What is your forcing data (i.e., the data you ungib)? I found that you only have 10 levels of data for the vertical layer up to 50hPa and 34 model levels. This may lead to problems when WRF conducts vertical interpolation, especially when the horizontal resolution is high (in your case 5km).
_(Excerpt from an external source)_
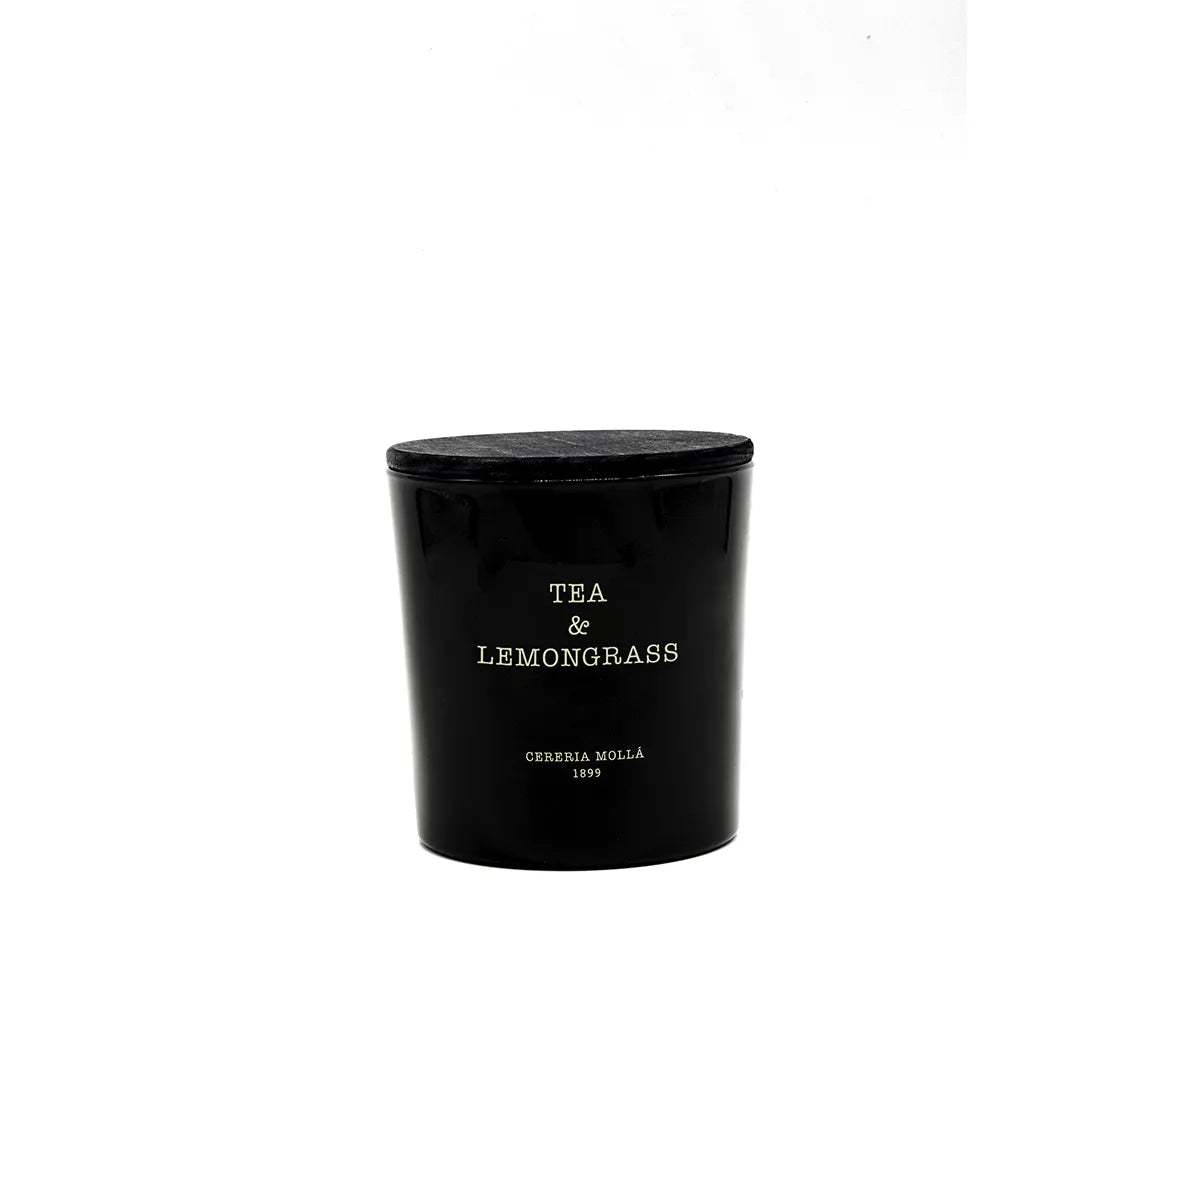 600g Premium Candle - Tea and Lemongrass

Also, we recommend using odd number of nesting ratio, for example, parent_grid_ratio = 1, 3, 3 or parent_grid_ratio = 1,5 ,5. This is because because for even values, interpolation errors arise due to the nature of Arakawa C-grid staggering.
 
Ming Chen said:
What is your forcing data (i.e., the data you ungib)? I found that you only have 10 levels of data for the vertical layer up to 50hPa and 34 model levels. This may lead to problems when WRF conducts vertical interpolation, especially when the horizontal resolution is high (in your case 5km).

Also, we recommend using odd number of nesting ratio, for example, parent_grid_ratio = 1, 3, 3 or parent_grid_ratio = 1,5 ,5. This is because because for even values, interpolation errors arise due to the nature of Arakawa C-grid staggering.
Dear Ming Chen,
Thank you for your reply.
I used ECMWF newly published forecast data (https://data.ecmwf.int/forecasts/) that has 10 num_metgrid_levels & 0 num_metgrid_soil_levels. Its resolution is 0.4 deg by 0.4 deg. I got a sample Vtable.ECMWF from this forum then edited it myself. I have attached the Vtable.ECMWF herewith in case i edited it in a wrong way, please check it.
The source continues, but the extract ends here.